Records contained in a dataset:
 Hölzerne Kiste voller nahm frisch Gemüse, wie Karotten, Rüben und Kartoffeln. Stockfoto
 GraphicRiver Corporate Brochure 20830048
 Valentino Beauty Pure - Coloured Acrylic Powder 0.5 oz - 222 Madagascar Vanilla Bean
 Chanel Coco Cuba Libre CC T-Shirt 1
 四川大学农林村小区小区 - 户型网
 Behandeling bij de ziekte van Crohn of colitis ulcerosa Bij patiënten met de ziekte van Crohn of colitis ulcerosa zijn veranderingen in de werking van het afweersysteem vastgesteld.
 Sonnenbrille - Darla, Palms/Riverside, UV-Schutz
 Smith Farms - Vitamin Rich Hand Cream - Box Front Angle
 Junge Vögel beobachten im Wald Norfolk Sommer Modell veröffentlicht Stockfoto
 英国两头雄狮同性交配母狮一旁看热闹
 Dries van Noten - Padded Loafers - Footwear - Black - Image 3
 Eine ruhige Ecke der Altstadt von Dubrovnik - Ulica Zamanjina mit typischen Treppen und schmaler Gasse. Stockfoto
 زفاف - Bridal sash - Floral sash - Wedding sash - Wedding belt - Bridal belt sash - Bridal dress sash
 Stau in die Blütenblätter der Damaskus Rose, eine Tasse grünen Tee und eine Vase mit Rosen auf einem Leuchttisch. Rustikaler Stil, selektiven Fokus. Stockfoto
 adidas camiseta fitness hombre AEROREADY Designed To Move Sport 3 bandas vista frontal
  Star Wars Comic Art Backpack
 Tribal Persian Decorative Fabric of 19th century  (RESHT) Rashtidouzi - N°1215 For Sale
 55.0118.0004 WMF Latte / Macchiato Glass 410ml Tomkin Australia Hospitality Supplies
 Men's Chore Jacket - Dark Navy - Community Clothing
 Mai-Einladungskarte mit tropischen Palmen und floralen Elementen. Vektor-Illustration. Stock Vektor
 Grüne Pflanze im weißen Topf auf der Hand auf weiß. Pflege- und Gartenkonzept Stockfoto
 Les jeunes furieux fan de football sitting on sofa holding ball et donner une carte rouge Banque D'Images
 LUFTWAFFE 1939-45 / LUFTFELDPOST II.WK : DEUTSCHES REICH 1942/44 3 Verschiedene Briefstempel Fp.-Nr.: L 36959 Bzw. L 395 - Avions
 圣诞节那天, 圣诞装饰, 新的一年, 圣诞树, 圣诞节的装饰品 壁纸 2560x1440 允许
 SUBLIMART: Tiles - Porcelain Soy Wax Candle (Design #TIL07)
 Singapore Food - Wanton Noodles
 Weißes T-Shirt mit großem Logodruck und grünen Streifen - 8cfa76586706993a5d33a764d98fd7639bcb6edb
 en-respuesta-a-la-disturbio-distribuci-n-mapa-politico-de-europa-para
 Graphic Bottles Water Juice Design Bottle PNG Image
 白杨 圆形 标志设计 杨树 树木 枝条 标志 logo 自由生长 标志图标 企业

About this exercise:
Transcribe the data above completely and exactly.

Answer to the problem:
 Hölzerne Kiste voller nahm frisch Gemüse, wie Karotten, Rüben und Kartoffeln. Stockfoto
 GraphicRiver Corporate Brochure 20830048
 Valentino Beauty Pure - Coloured Acrylic Powder 0.5 oz - 222 Madagascar Vanilla Bean
 Chanel Coco Cuba Libre CC T-Shirt 1
 四川大学农林村小区小区 - 户型网
 Behandeling bij de ziekte van Crohn of colitis ulcerosa Bij patiënten met de ziekte van Crohn of colitis ulcerosa zijn veranderingen in de werking van het afweersysteem vastgesteld.
 Sonnenbrille - Darla, Palms/Riverside, UV-Schutz
 Smith Farms - Vitamin Rich Hand Cream - Box Front Angle
 Junge Vögel beobachten im Wald Norfolk Sommer Modell veröffentlicht Stockfoto
 英国两头雄狮同性交配母狮一旁看热闹
 Dries van Noten - Padded Loafers - Footwear - Black - Image 3
 Eine ruhige Ecke der Altstadt von Dubrovnik - Ulica Zamanjina mit typischen Treppen und schmaler Gasse. Stockfoto
 زفاف - Bridal sash - Floral sash - Wedding sash - Wedding belt - Bridal belt sash - Bridal dress sash
 Stau in die Blütenblätter der Damaskus Rose, eine Tasse grünen Tee und eine Vase mit Rosen auf einem Leuchttisch. Rustikaler Stil, selektiven Fokus. Stockfoto
 adidas camiseta fitness hombre AEROREADY Designed To Move Sport 3 bandas vista frontal
  Star Wars Comic Art Backpack
 Tribal Persian Decorative Fabric of 19th century  (RESHT) Rashtidouzi - N°1215 For Sale
 55.0118.0004 WMF Latte / Macchiato Glass 410ml Tomkin Australia Hospitality Supplies
 Men's Chore Jacket - Dark Navy - Community Clothing
 Mai-Einladungskarte mit tropischen Palmen und floralen Elementen. Vektor-Illustration. Stock Vektor
 Grüne Pflanze im weißen Topf auf der Hand auf weiß. Pflege- und Gartenkonzept Stockfoto
 Les jeunes furieux fan de football sitting on sofa holding ball et donner une carte rouge Banque D'Images
 LUFTWAFFE 1939-45 / LUFTFELDPOST II.WK : DEUTSCHES REICH 1942/44 3 Verschiedene Briefstempel Fp.-Nr.: L 36959 Bzw. L 395 - Avions
 圣诞节那天, 圣诞装饰, 新的一年, 圣诞树, 圣诞节的装饰品 壁纸 2560x1440 允许
 SUBLIMART: Tiles - Porcelain Soy Wax Candle (Design #TIL07)
 Singapore Food - Wanton Noodles
 Weißes T-Shirt mit großem Logodruck und grünen Streifen - 8cfa76586706993a5d33a764d98fd7639bcb6edb
 en-respuesta-a-la-disturbio-distribuci-n-mapa-politico-de-europa-para
 Graphic Bottles Water Juice Design Bottle PNG Image
 白杨 圆形 标志设计 杨树 树木 枝条 标志 logo 自由生长 标志图标 企业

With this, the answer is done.